Add a GPU tutorial

ChrisRackauckas · ChrisRackauckas · commit f69153f88943 · 2025-04-25T17:47:18.000-04:00
Fixes #405 (comment)
diff --git a/docs/pages.jl b/docs/pages.jl
@@ -10,6 +10,7 @@ pages = [
         "tutorials/small_compile.md",
         "tutorials/iterator_interface.md",
         "tutorials/optimizing_parameterized_ode.md",
+        "tutorials/nonlinear_solve_gpus.md",
         "tutorials/snes_ex2.md"
     ],
     "Basics" => Any[
diff --git a/docs/src/tutorials/nonlinear_solve_gpus.md b/docs/src/tutorials/nonlinear_solve_gpus.md
@@ -0,0 +1,176 @@
+# Accelerated Rootfinding on GPUs
+
+NonlinearSolve.jl supports GPU acceleration on a wide array of devices, such as:
+
+| GPU Manufacturer | GPU Kernel Language | Julia Support Package                              | Backend Type             |
+|:---------------- |:------------------- |:-------------------------------------------------- |:------------------------ |
+| NVIDIA           | CUDA                | [CUDA.jl](https://github.com/JuliaGPU/CUDA.jl)     | `CUDA.CUDABackend()`     |
+| AMD              | ROCm                | [AMDGPU.jl](https://github.com/JuliaGPU/AMDGPU.jl) | `AMDGPU.ROCBackend()`    |
+| Intel            | OneAPI              | [OneAPI.jl](https://github.com/JuliaGPU/oneAPI.jl) | `oneAPI.oneAPIBackend()` |
+| Apple (M-Series) | Metal               | [Metal.jl](https://github.com/JuliaGPU/Metal.jl)   | `Metal.MetalBackend()`   |
+
+To use NonlinearSolve.jl on GPUs, there are two distinctly different approaches:
+
+1. You can build a `NonlinearProblem` / `NonlinearLeastSquaresProblem` where the elements
+   of the problem, i.e. `u0` and `p`, are defined on GPUs.

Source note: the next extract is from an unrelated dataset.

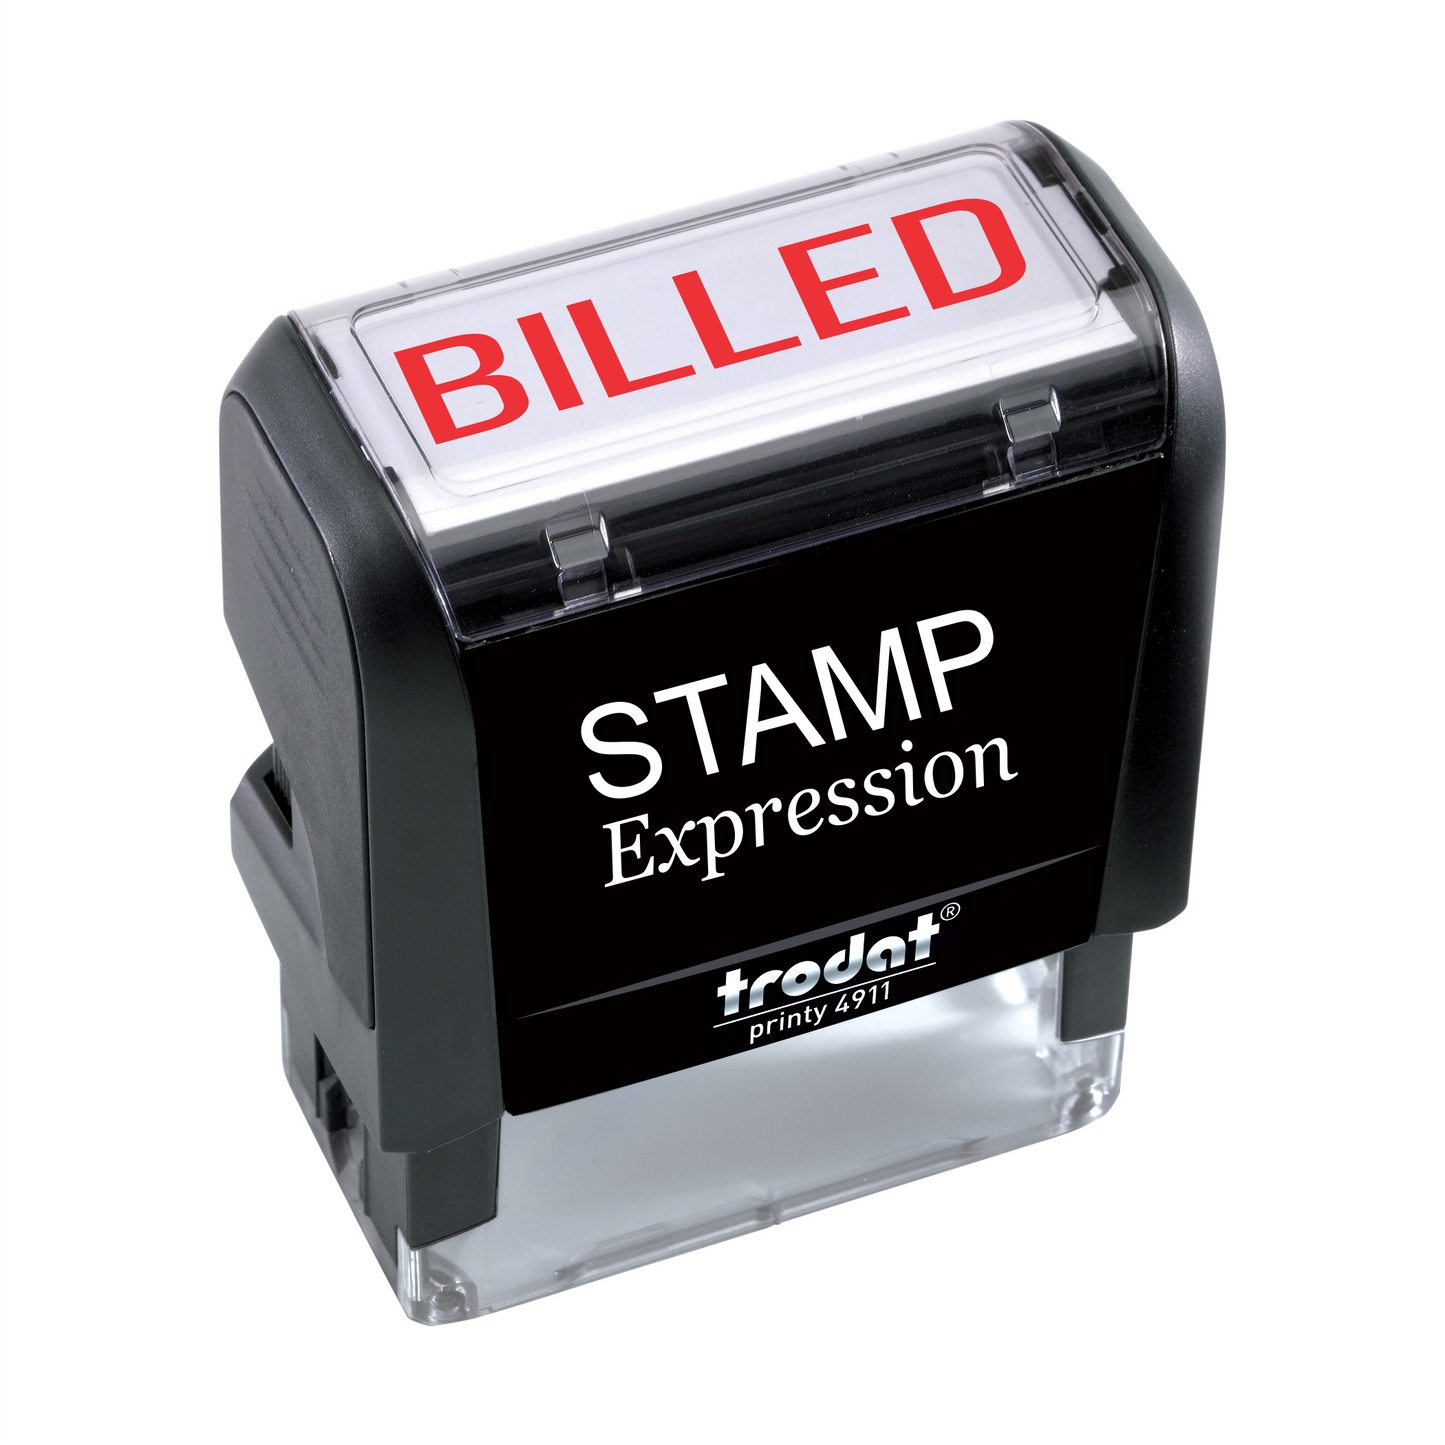 Capitalized Billed Office Self Inking Rubber Stamp (SH-5233)

This will make the evaluations
+   of `f` occur on the GPU, and all internal updates of the solvers will be completely
+   on the GPU as well. This is the optimal form for large systems of nonlinear equations.

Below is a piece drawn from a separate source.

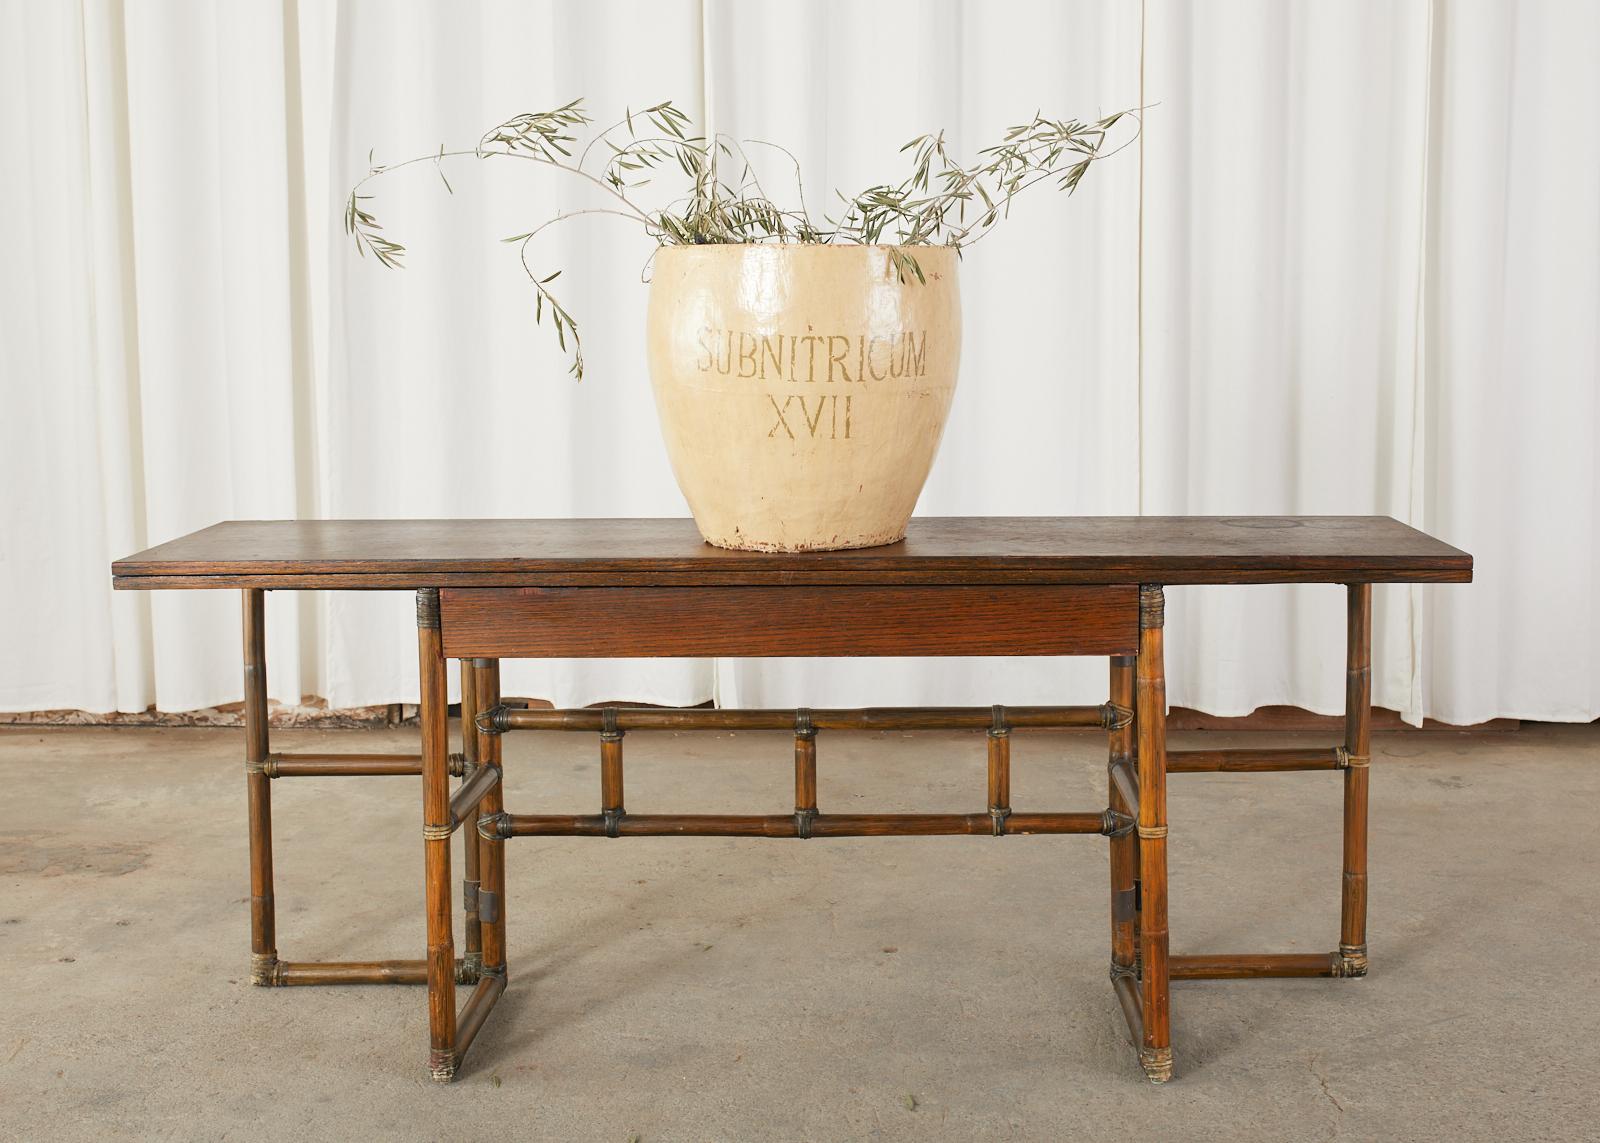 Versatile bamboo rattan console table, server, or writing table desk made by McGuire in the California organic modern style. The table features an expandable flip-top crafted from oak. The top expands from 18 inches deep to 36 inches deep to make a

+2. You can use SimpleNonlinearSolve.jl as kernels in KernelAbstractions.jl. This will build
+   problem-specific GPU kernels in order to parallelize the solution of the chosen nonlinear
+   system over a large number of inputs. This is useful for cases where you have a small
+   `NonlinearProblem` / `NonlinearLeastSquaresProblem` which you want to solve over a large
+   number of initial guesses or parameters.
+
+For a deeper dive into the computational difference between these techniques and why it
+leads to different pros/cons, see the
+[DiffEqGPU.jl technical paper](https://www.sciencedirect.com/science/article/abs/pii/S0045782523007156).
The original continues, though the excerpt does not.